Later studies also indicated that many listeners missed the repeated notices that the broadcast was entirely fictional, partly because the Mercury Theatre (an unsponsored "cultural" program with a relatively small audience) ran opposite the very popular Edgar Bergen show. About twelve minutes into Bergen's program an Opera number began, and many listeners presumably began tuning around the dial. Some listeners happened upon the CBS broadcast at the point the Martians emerge from their spacecraft. Many of these listeners were apparently confused--in fairness, it must be noted that the confusion can not be credited entirely to naïvete. Though many of the program's actors voices should have been recognizable from appearances on other radio shows, nothing like the "War of the Worlds" broadcast had ever been attempted in the United States, so listeners were accustomed to accepting news flashes as reliable.
In some Northeastern cities people went outside to ask neighbors what was happening (many homes still did not have telephones at this time). As the story was repeated by word of mouth, rumors began to spread, and these rumors caused some limited panic.
Contemporary accounts spawned urban legends, many of which persist and have come to be accepted through repetition as fact: Several people reportedly rushed to the "scene" of the events in New Jersey to see if they could catch a glimpse of the unfolding events, including a few astronomers from Princeton University who went looking for the "meteorite" that had supposedly fallen near their school. Some people, who had brought firearms, reportedly mistook a local farmer's water tower for an alien spaceship and shot at it.

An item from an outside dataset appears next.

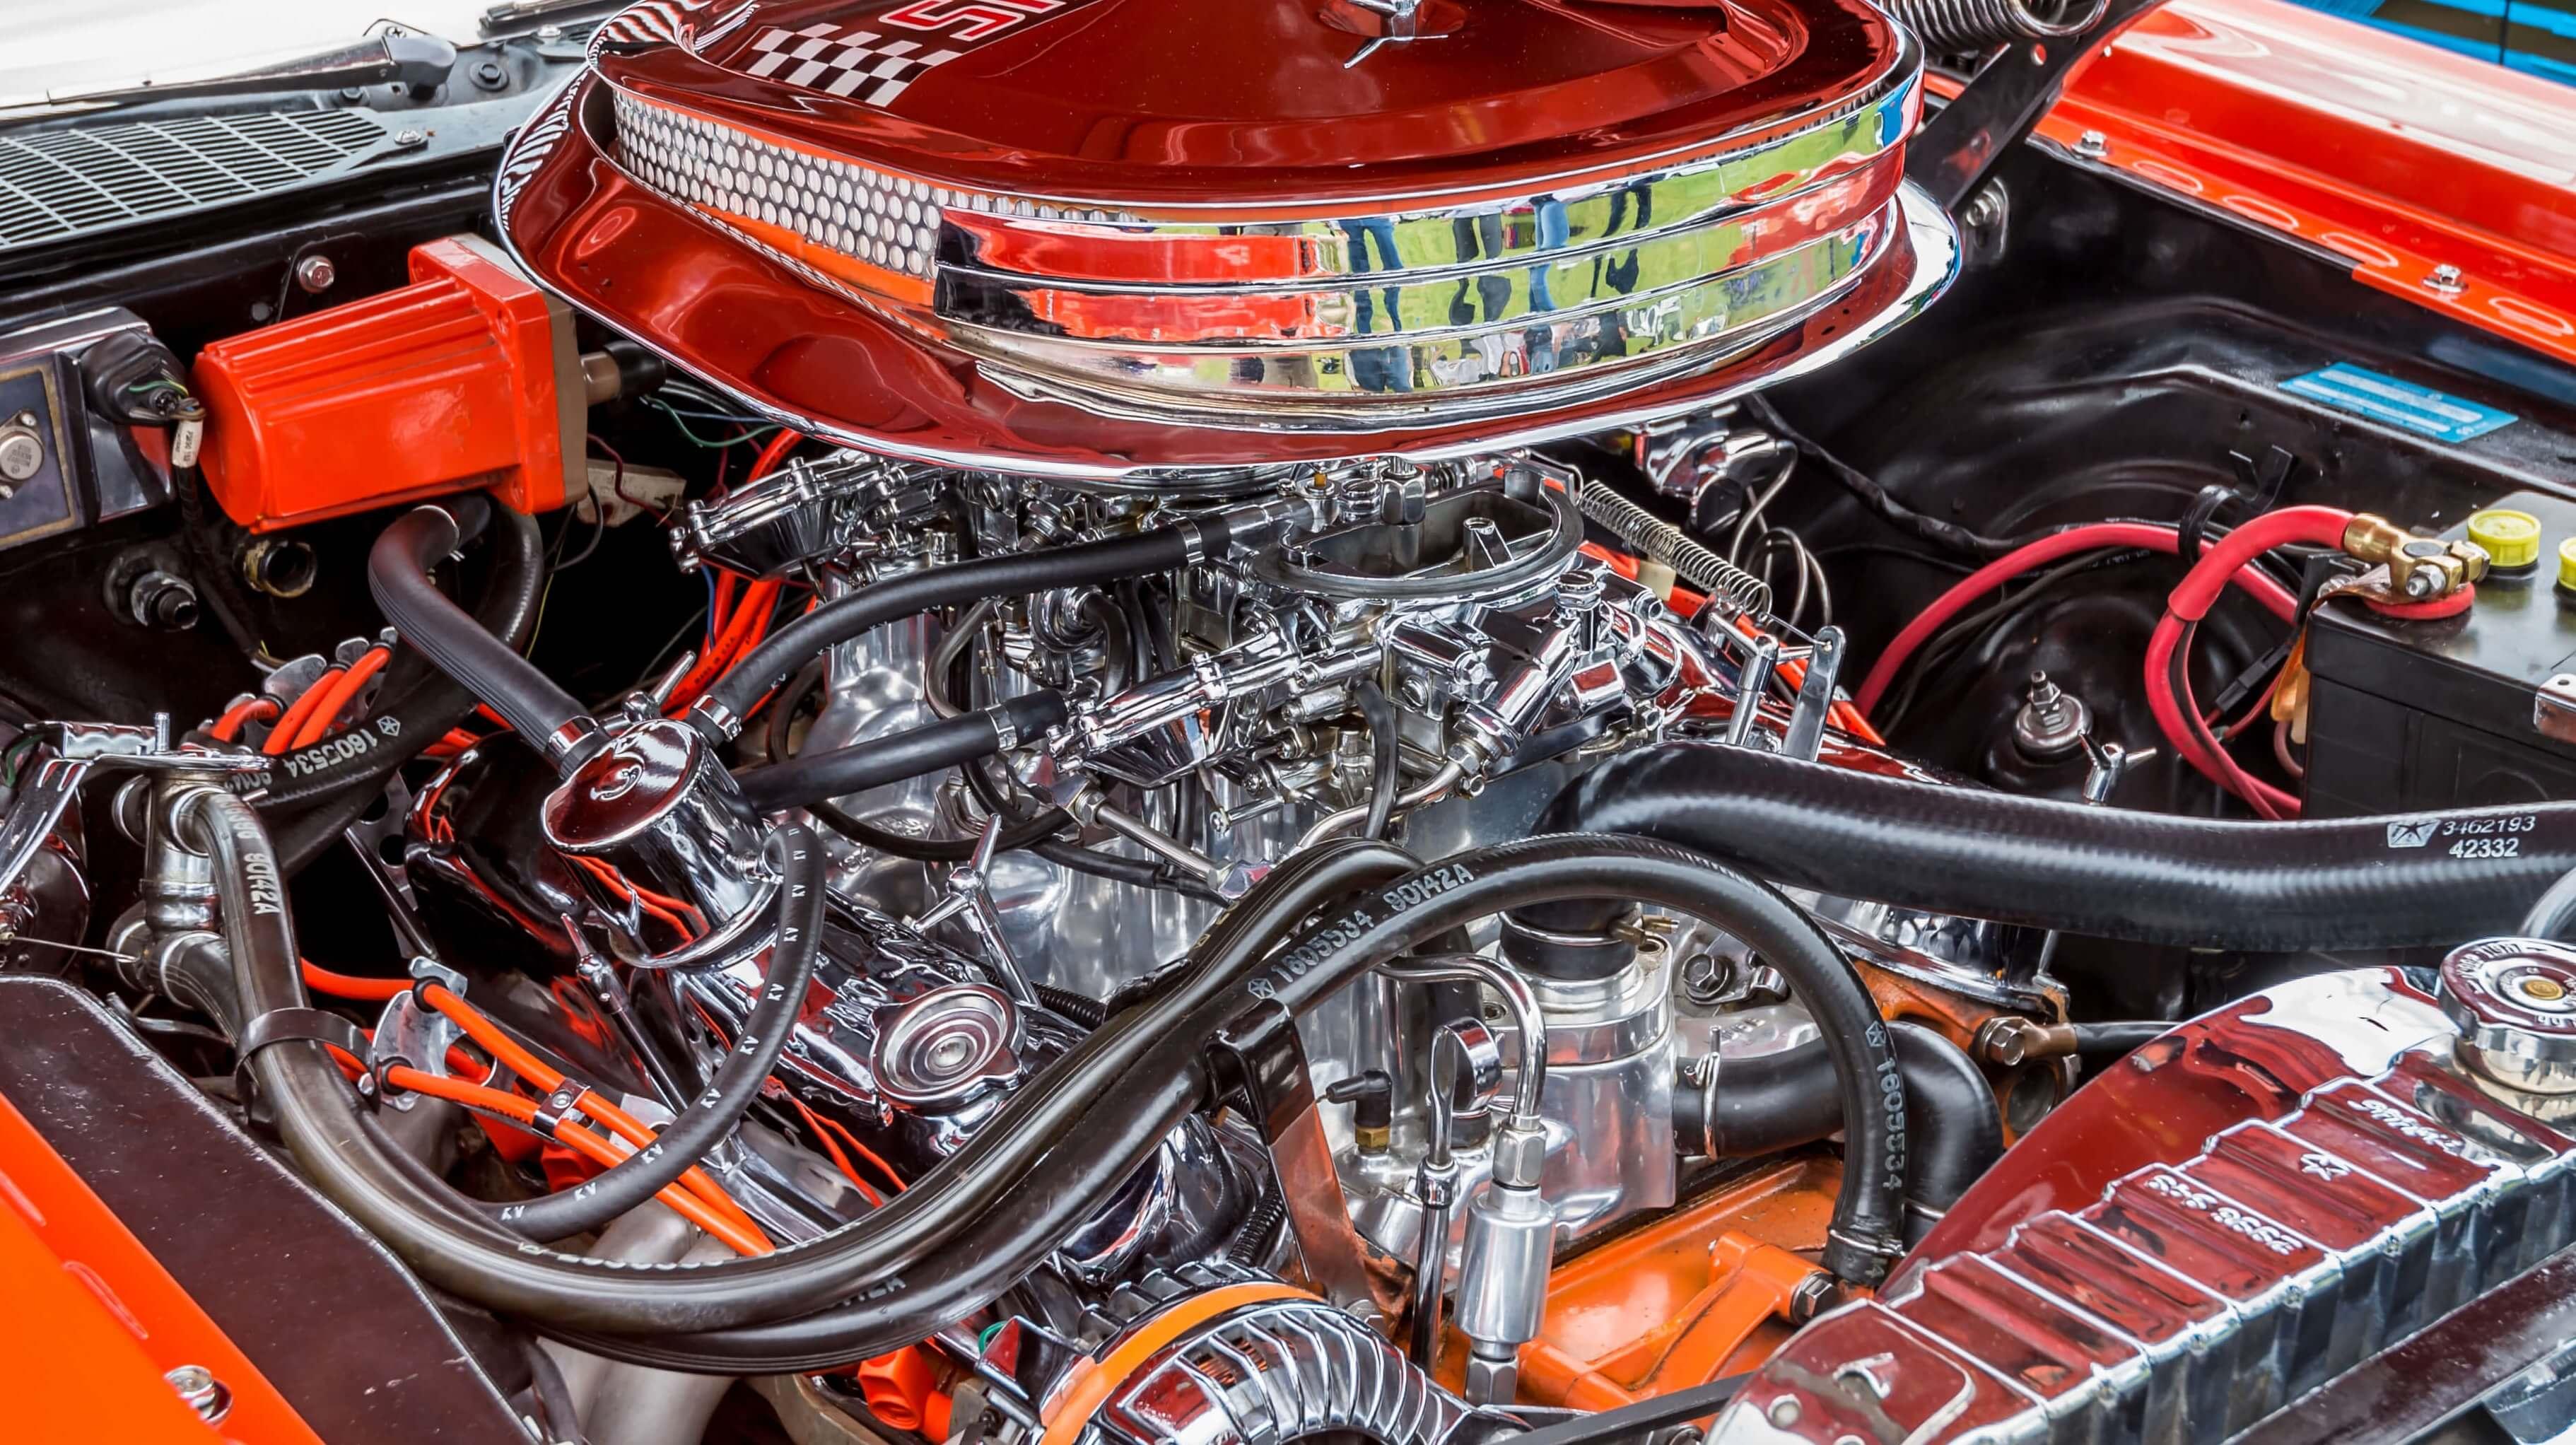 steve's 1970 Dodge Challenger - Holley My Garage

Initially Grover's Mill was deserted, but later crowds developed as people rushed to the area. Eventually police were sent to the area to help control the crowds. To people arriving later in the evening, the scene really did look like the events being narrated on the radio broadcast, with panicked crowds and flashing police lights streaming across the masses.

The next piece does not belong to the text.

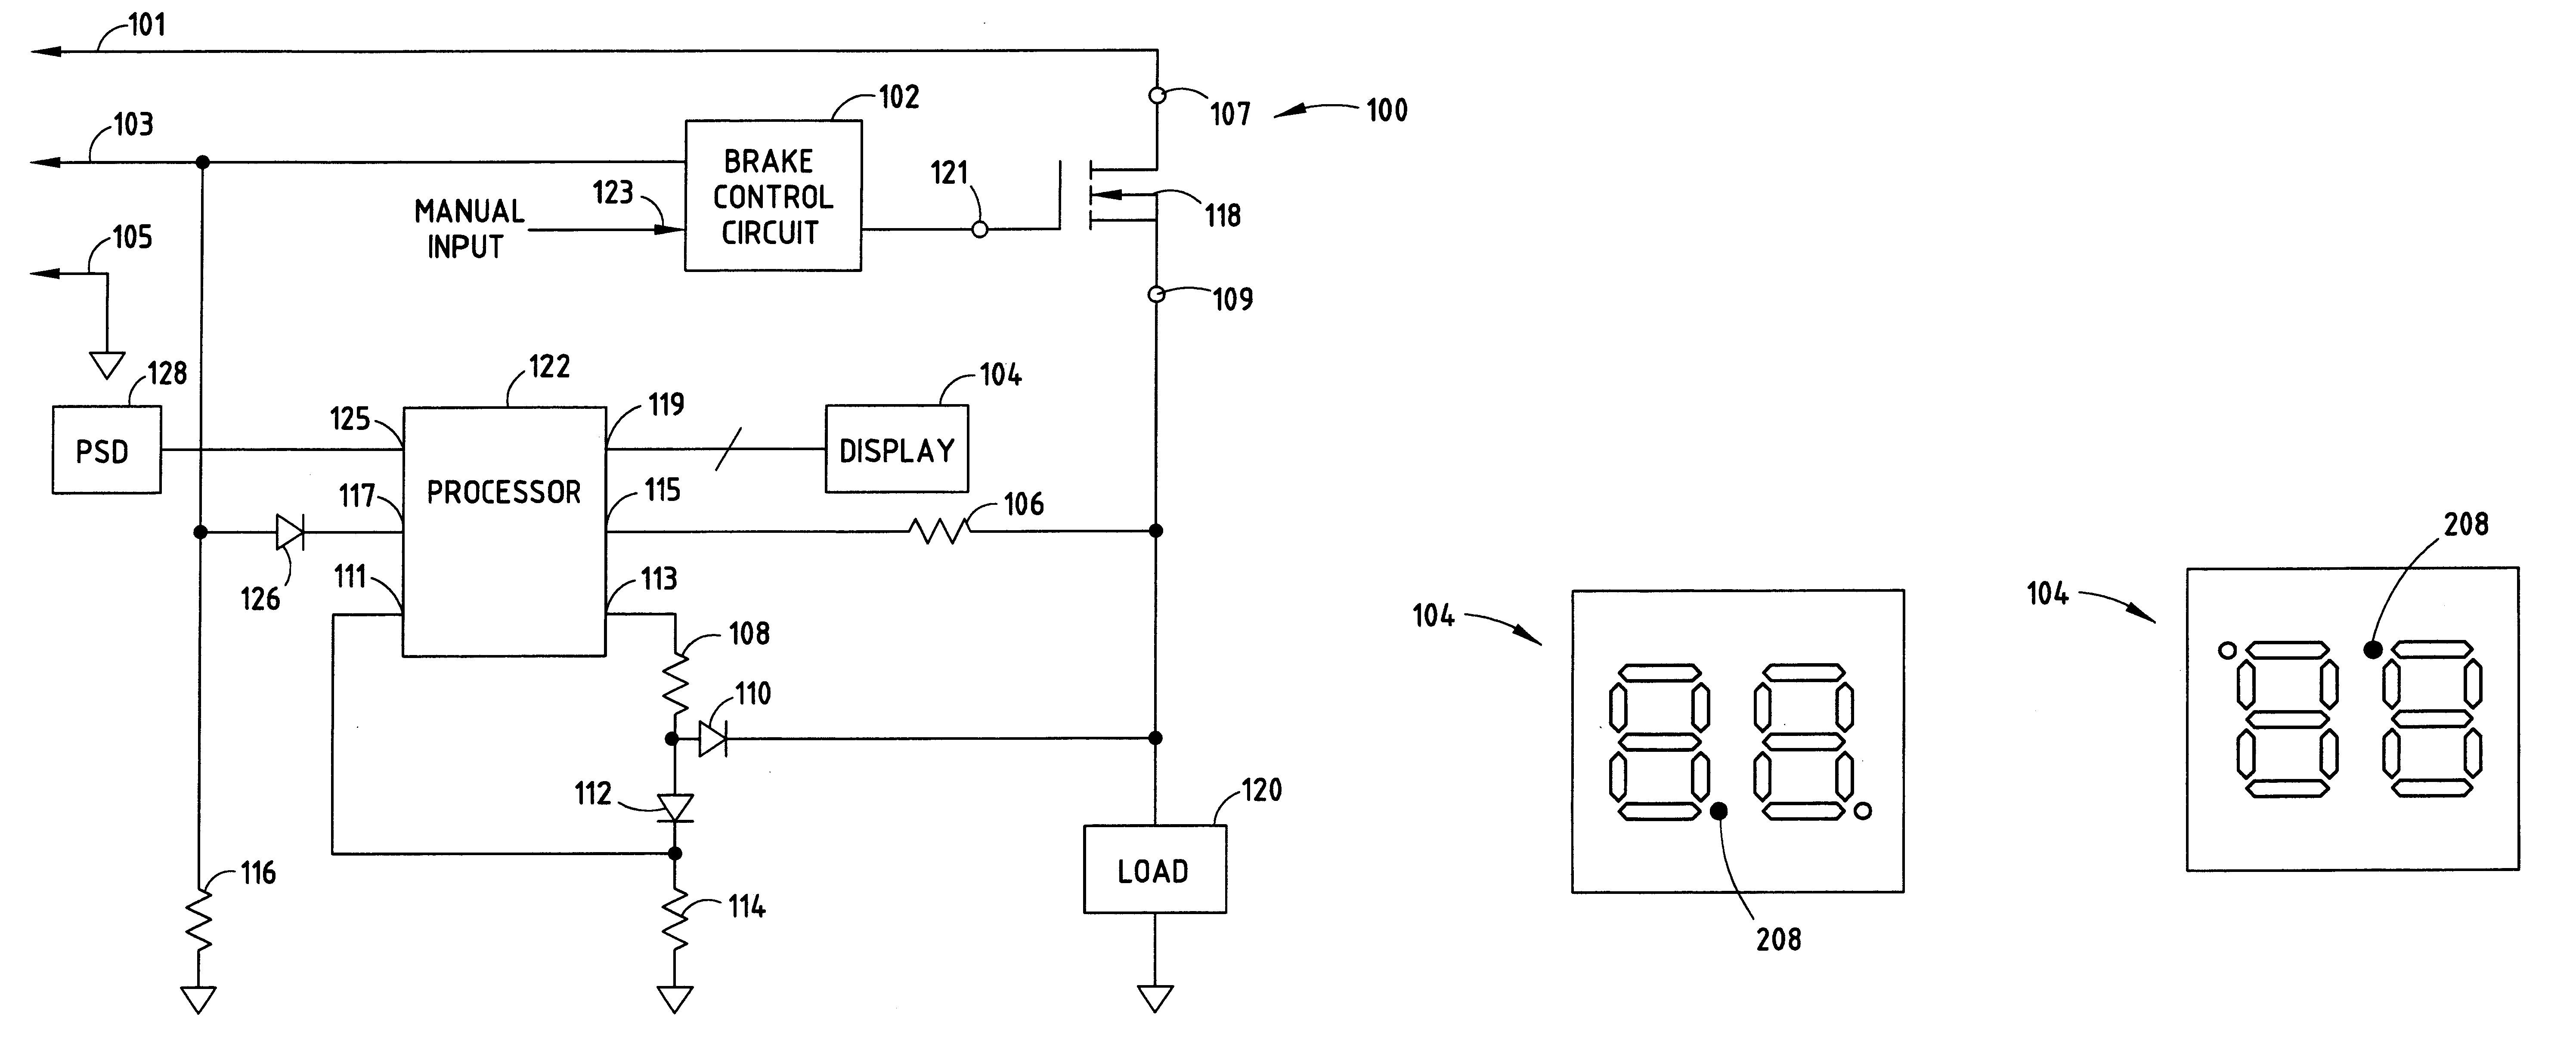 Ford f trailer brake controller wiring diagram

Some people called CBS, newspapers or the police in confusion over the realism of the simulated news bulletins. There were instances of panic scattered throughout the US as a result of the broadcast, especially in New York and New Jersey.

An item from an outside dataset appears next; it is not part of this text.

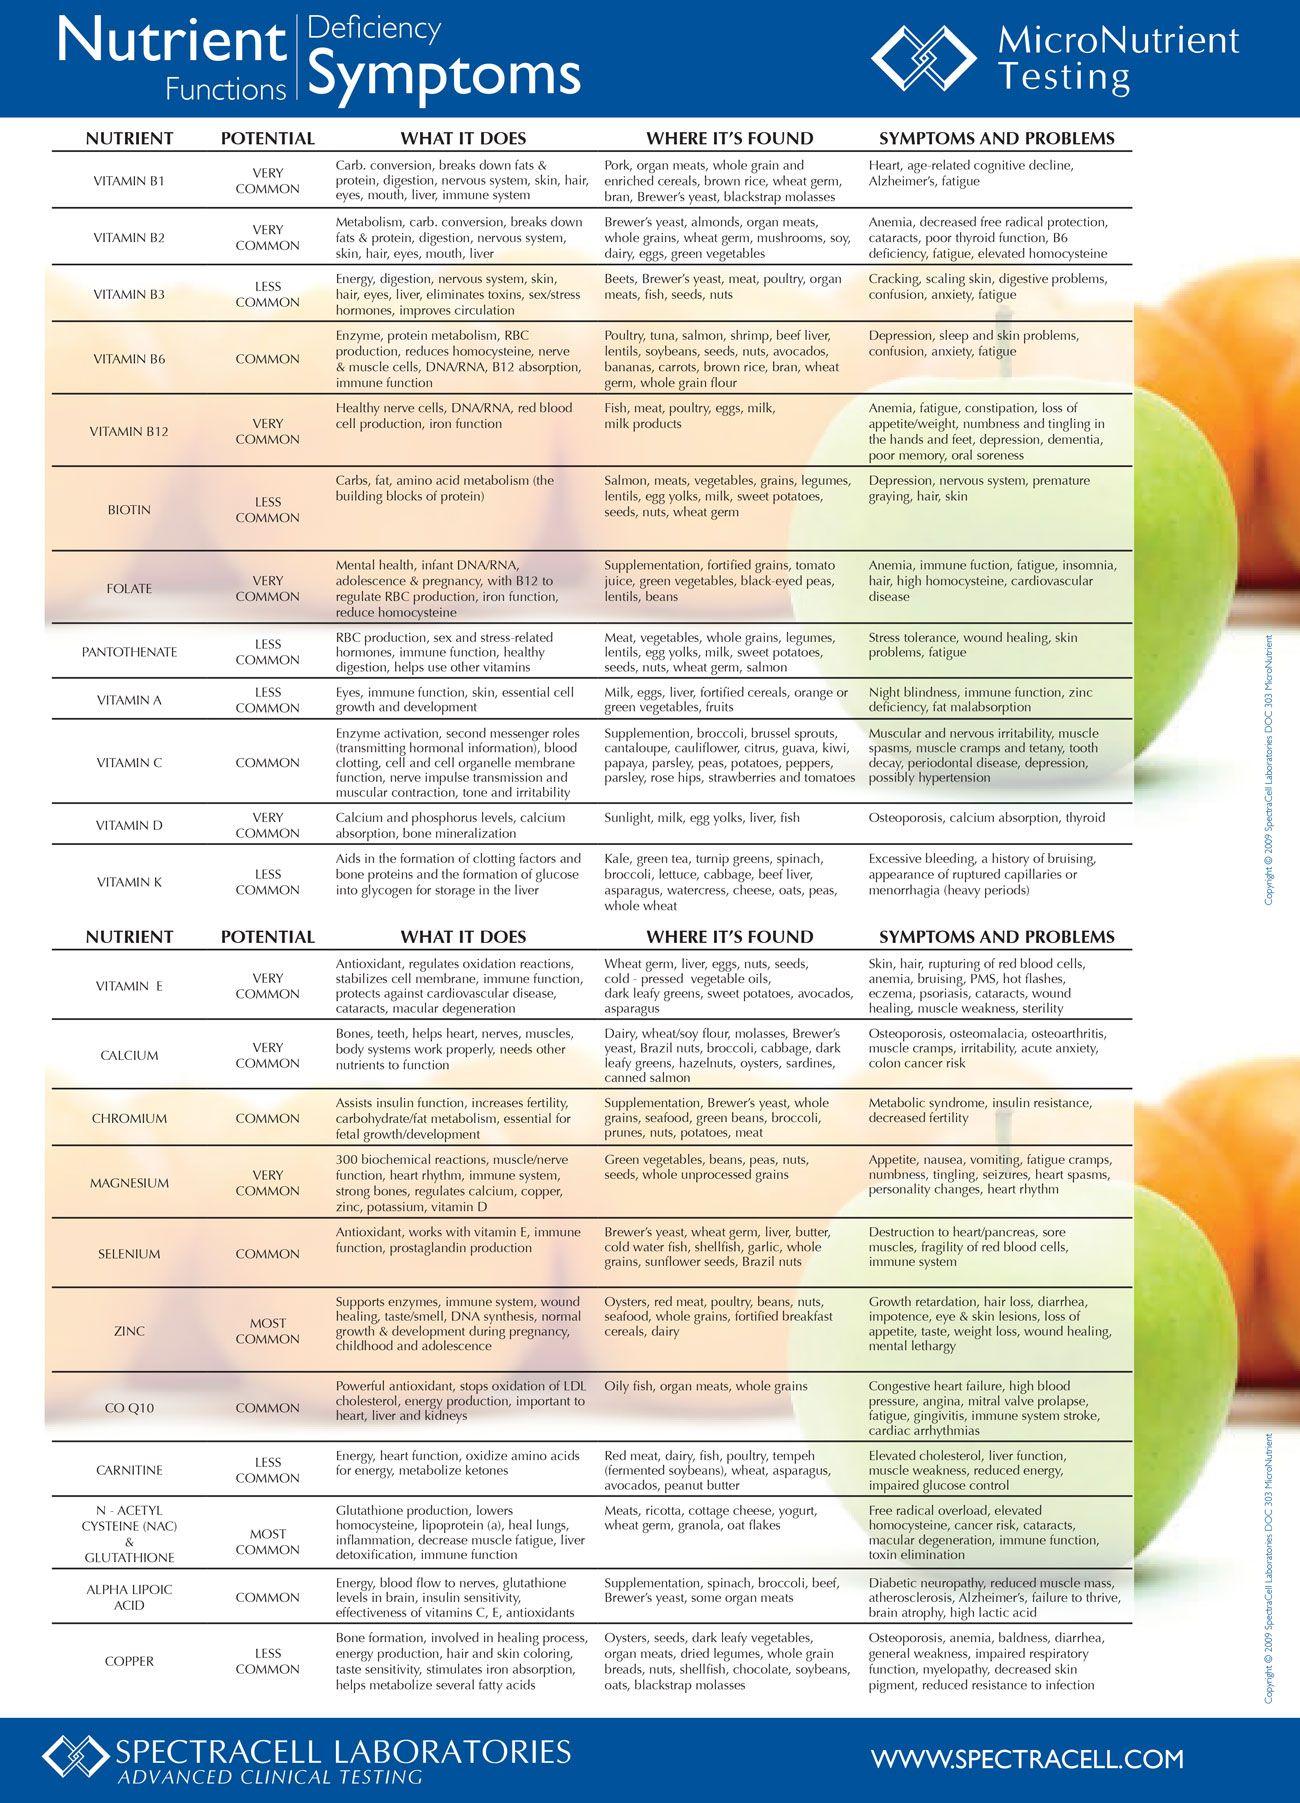 Vitamin Deficiency Symptoms Chart (PLUS INFOGRAPHIC

Edgar Bergen and Charlie McCarthy, who were broadcasting at the same time on NBC, are often credited with "saving the world." It is said many startled listeners were reassured by hearing their familiar tones on a neighboring channel.
In the aftermath of the reported panic, a public outcry arose, but CBS informed officials that listeners were reminded throughout the broadcast that it was only a performance. Welles and the Mercury Theatre escaped punishment, but not censure, and CBS had to promise never again to use the "we interrupt this program" device for dramatic purposes.
A study by the Radio Project discovered that most of the people who panicked assumed Germans — not Martians — had invaded. Other studies have suggested that the extent of the panic was exaggerated by contemporary media.
When a meeting between H. G. Wells and Orson Welles was broadcast on Radio KTSA San Antonio on October 28, 1940 the former expressed a lack of understanding of the apparent panic and suggested that it was, perhaps, only pretense put on, like the American version of Halloween, for fun. The two men and their radio interviewer joked about the matter, though clearly with some embarrassment. KTSA, as a CBS affiliate, had carried the original broadcast.
It has been suggested in recent years that the War of the Worlds broadcast was actually a psychological warfare experiment. In the 1999 documentary, Masters of the Universe: The Secret Birth of the Federal Reserve, writer Daniel Hopsicker claims that the Rockefeller Foundation actually funded the broadcast, studied the ensuing panic, and compiled a report that was only available to a chosen few. A variation of this conspiracy theory has the Princeton Radio Project and the Rockefeller Foundation as co-conspirators.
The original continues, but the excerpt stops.